Fast and Robust UAV to UAV Detection and Tracking Algorithm
thesisposted on 2019-06-10, 16:14 authored by Jing LiJing Li
Unmanned Aerial Vehicle (UAV) technology is being increasingly used in a wide variety of applications ranging from remote sensing, to delivery, to security. As the number of UAVs increases, there is a growing need for UAV to UAV detection and tracking systems for both collision avoidance and coordination. Among possible solutions, autonamous “see-and-avoid” systems based on low-cost high-resolution video cameras offer the important advantages of light-weight and low power sensors. However, in order to be effective, camera based “see-and-avoid” systems will require sensitive, robust, and computationally efficient algorithms for UAV to UAV detect and tracking (U2U-D&T) from a moving camera.
In this thesis, we propose a general architecture for a highly accurate and computationally efficient U2U-D&T algorithms for detecting UAVs from a camera mounted on a moving UAV platform. The thesis contains three studies of U2U-D&T algorithms.
In the first study, we present a new approach to detect and track other UAVs from a single camera in our own UAV. Given the sequence of video frames, we estimate the background motion via perspective transformation model and then identify distinctive points in the background subtracted image to detect moving objects. We find spatio-temporal characteristics of each moving object through optical flow matching and then classify our targets which have very different motion compared with background. We also perform tracking based on Kalman filter to enforce the temporal consistency on our detection. The algorithm is tested on real videos from UAVs and results show that it is effective to detect and track small UAVs with limited computing resources.

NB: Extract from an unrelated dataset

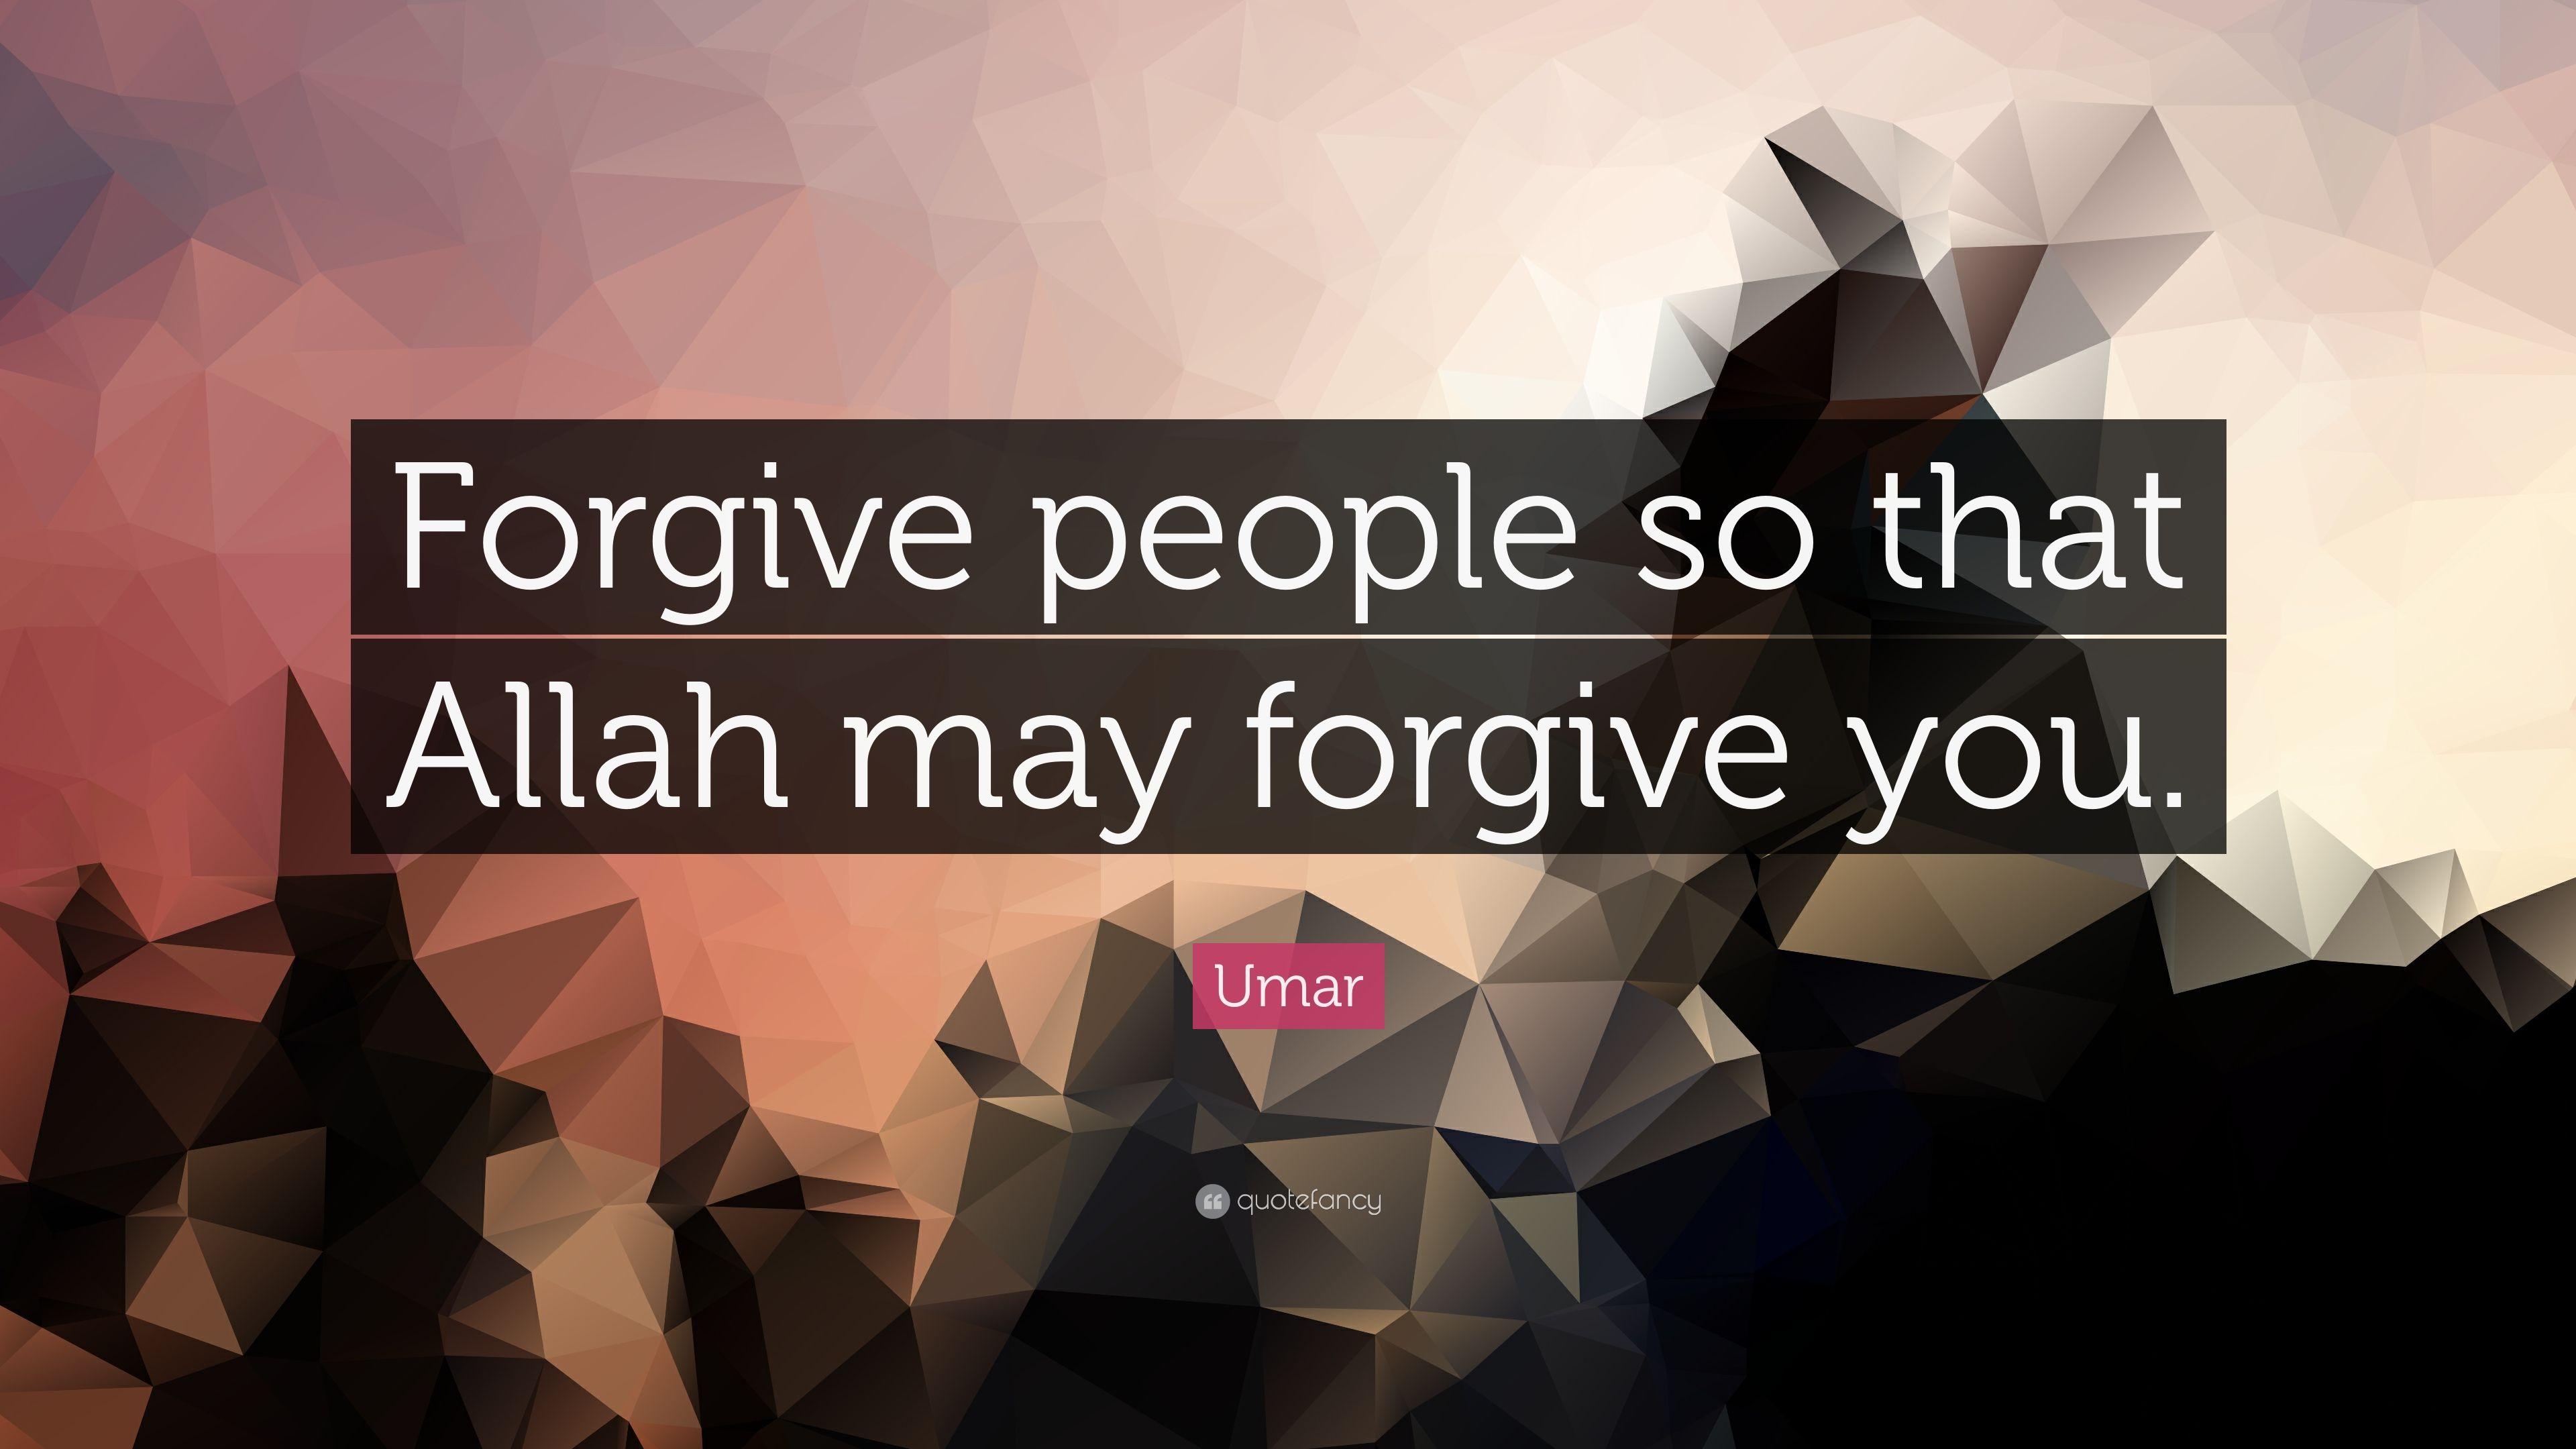 Umar Quote: “Forgive people so that Allah may forgive you.” 12

In the second study, we present a new approach to detect and track UAVs from a single camera mounted on a different UAV. Initially, we estimate background motions via a perspective transformation model and then identify moving object candidates in the background subtracted image through deep learning classifier trained on manually labeled datasets. For each moving object candidates, we find spatio-temporal traits through optical flow matching and then prune them based on their motion patterns compared with the background. Kalman filter is applied on pruned moving objects to improve temporal consistency among the candidate detections. The algorithm was validated on video datasets taken from a UAV. Results demonstrate that our algorithm can effectively detect and track small UAVs with limited computing resources.
The system in the third study is based on a computationally efficient pipeline consisting of moving object detection from a motion stabilized image, classification with a hybrid neural network, followed by Kalmann tracking. The algorithm is validated using video data collected from multiple fixed-wing UAVs that is manually ground-truthed and publicly available. Results indicate that the proposed algorithm can be implemented on practical hardware and robustly achieves highly accurate detection and tracking of even distant and faint UAVs.